Americans’ Savings Rate:
Americans’ savings rate has been in a down trend since the worst days of Covid and continue to fall, according to the latest data by the Bureau of Economic Analysis. The savings rate is defined as personal income minus personal outlays and taxes, or in other words, the income left over after people spend money and pay taxes and is a good indication of Americans’ financial health and predictor of consumer behavior and economic growth. The savings rate in April was 4.4%, the lowest level since 2008 when America was in the depths of the Financial Crisis. For comparison, the savings rate averaged 7.1% from the end of the Financial Crisis to the beginning of the Covid pandemic (2009-2020).

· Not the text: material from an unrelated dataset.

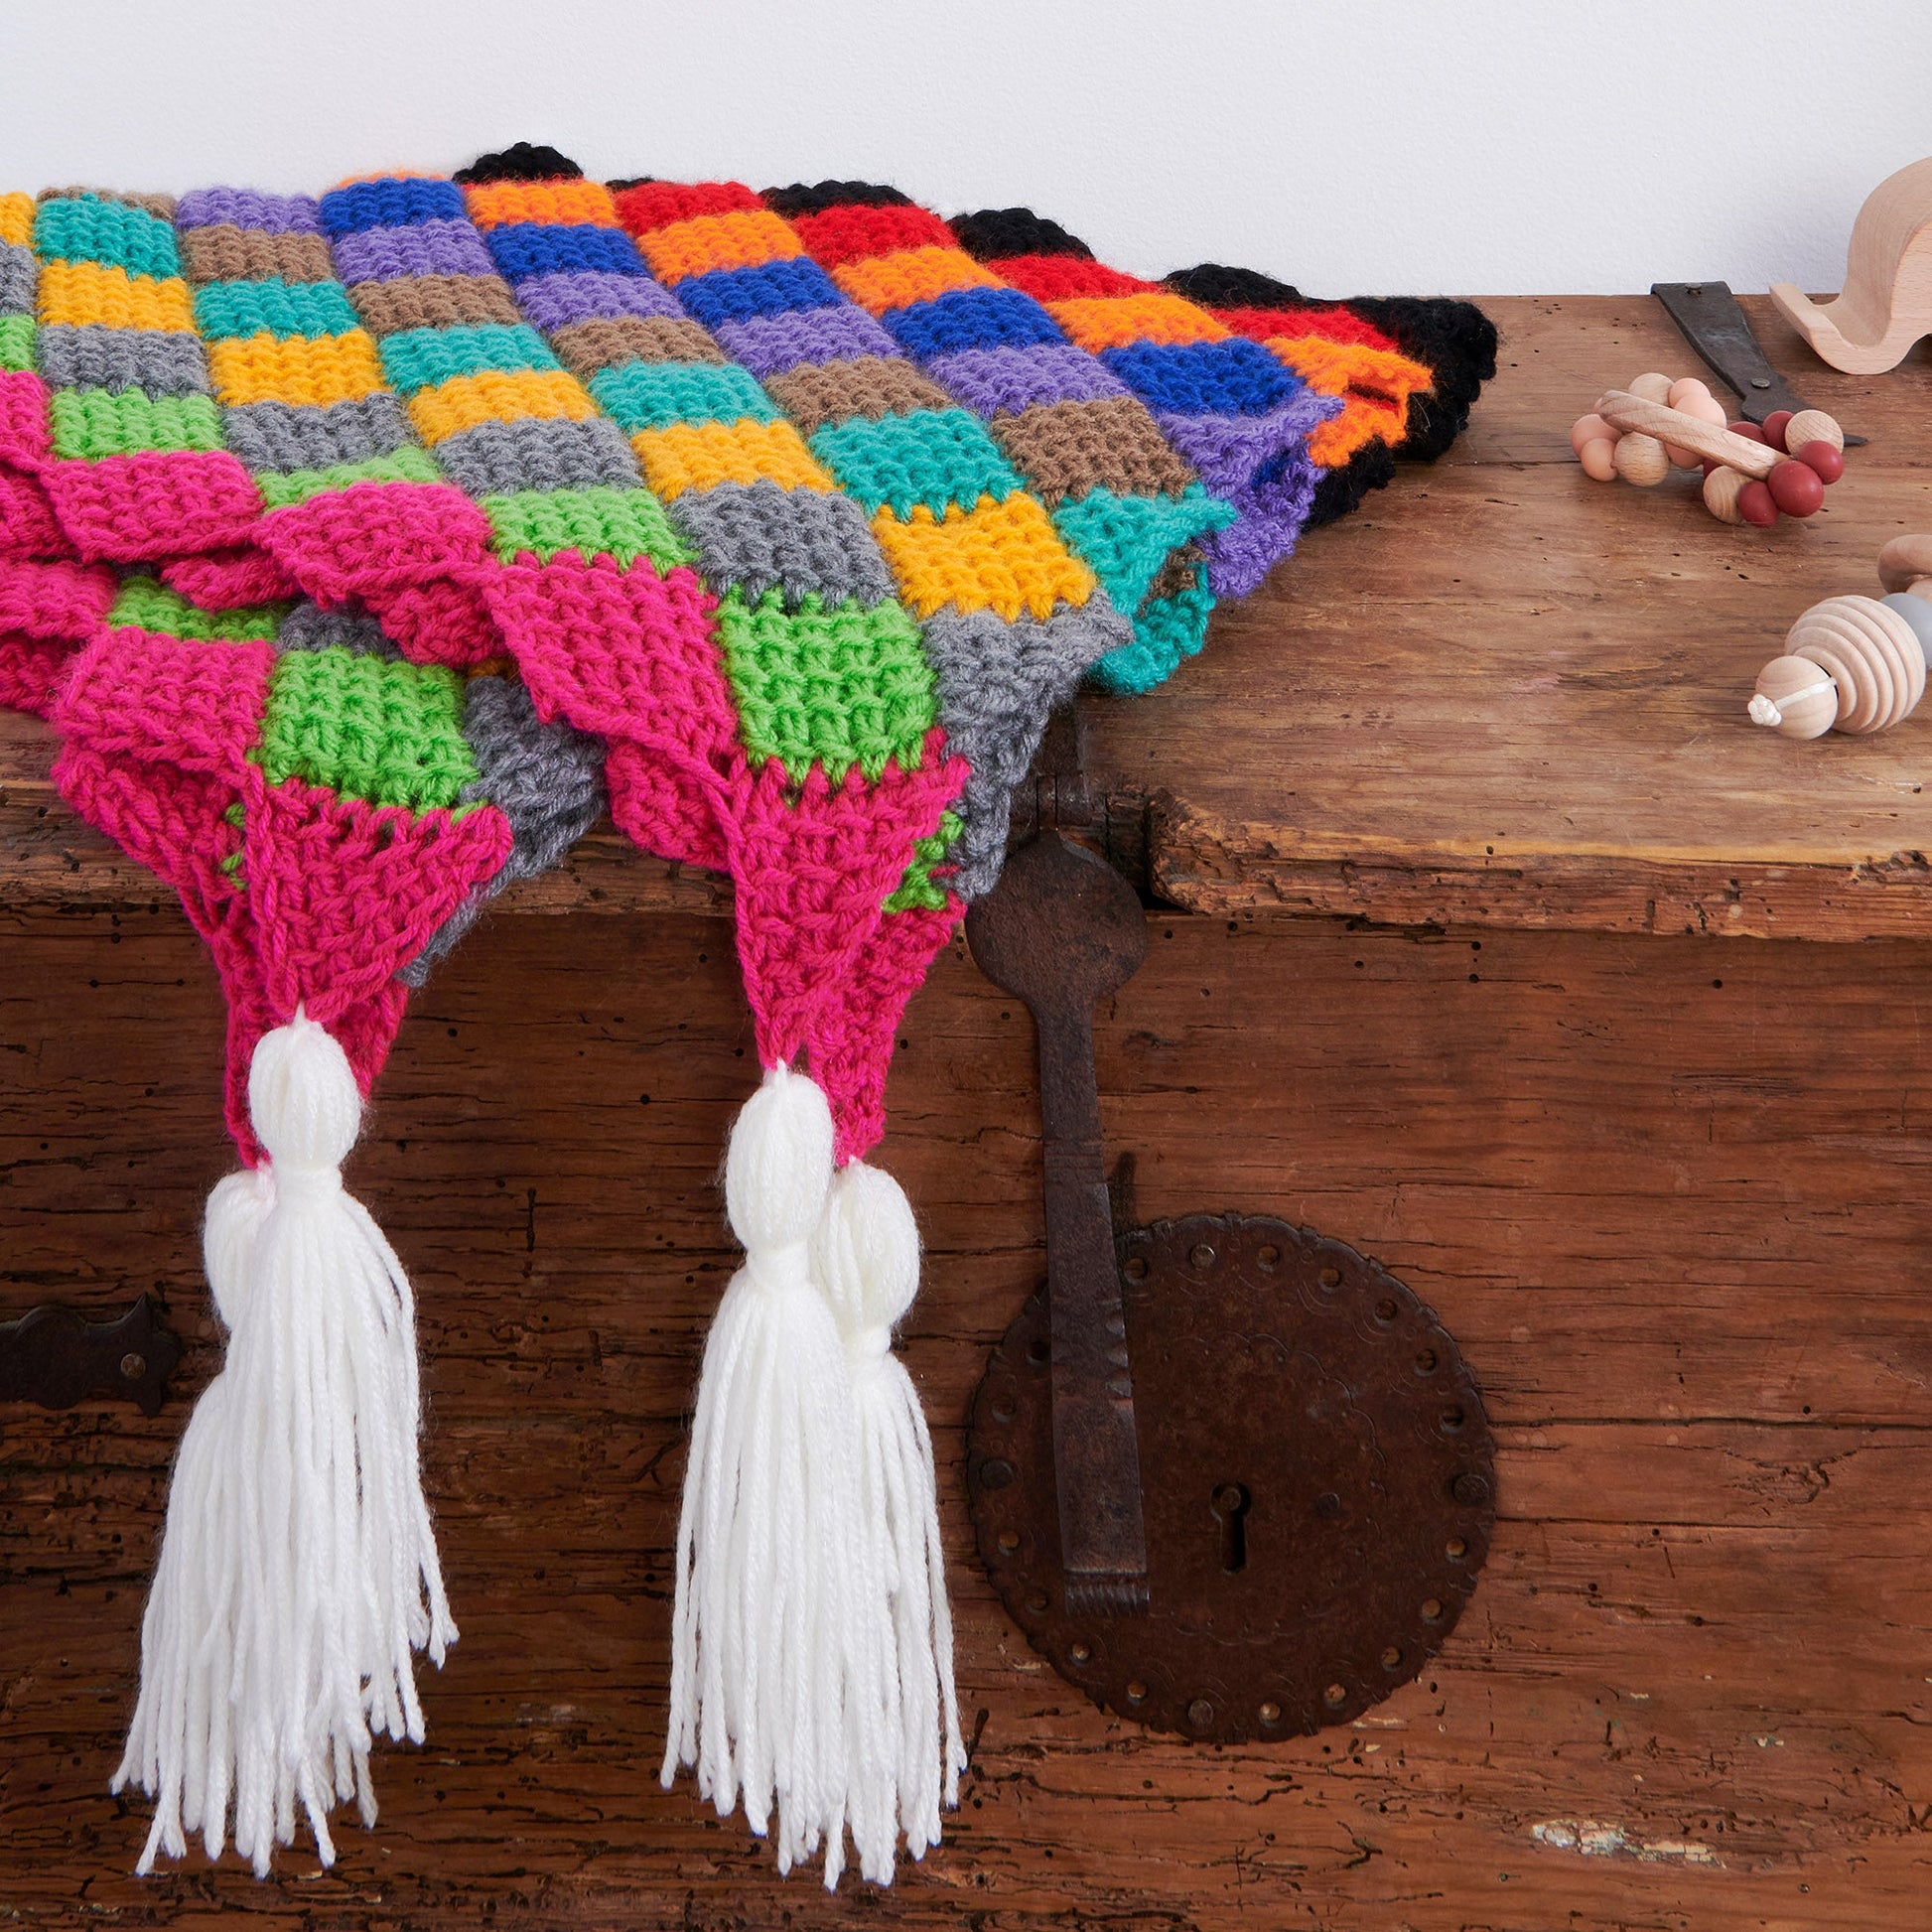 Can You Make A Baby Blanket With Tunisian Crochet? - Make It Crochet

Please be aware that starting after Memorial Day and running until Labor Day, Wentz Financial Group will begin its summer hours. Our hours on Monday will be 8:30 to 4:00 and Tuesday through Friday will be 9:00 to 4:00. As always, if you need to speak or meet outside of those hours, please reach out and we will be happy to set up an appointment.
The Week Ahead
It will be a holiday shortened week with the markets closed Monday for Memorial Day before a wave of economic data reports are released this week. On Tuesday the Case Shiller Home Price Index is released (home prices are expected to have ticked upward in March, accelerating from a record high pace in February), followed by a report on consumer confidence. On Wednesday there will be several manufacturing indexes, along with an update on construction spending for April and the job openings and labor turnover survey. Job openings are expected to remain near all-time highs. Jobless claims, a the revisions to first quarter worker productivity and costs, along with a count on May vehicle sales are all released on Thursday. Finally, wrapping the week up is the most notable – the May employment report where consensus currently sees about 325,000 jobs gains in the month. In addition, the beige book, an overview of economic conditions out of each Federal Reserve district, will come out mid-week. OPEC will meet this week, but no changes to increase production are expected as the group is still struggling to meet current production quotas. Earnings season is nearly over, but reports continue to roll in with notable companies including HP, Salesforce on Tuesday, GameStop, MongoDB, and Chewy on Wednesday, and Broadcom, Lululemon, and Okta on Thursday. Elsewhere on the corporate side, there will be a large amount of investor conferences along with annual meetings (notable meetings from Airbnb, Alphabet, and Walmart). There will be a number of Fed members speaking throughout the week as well.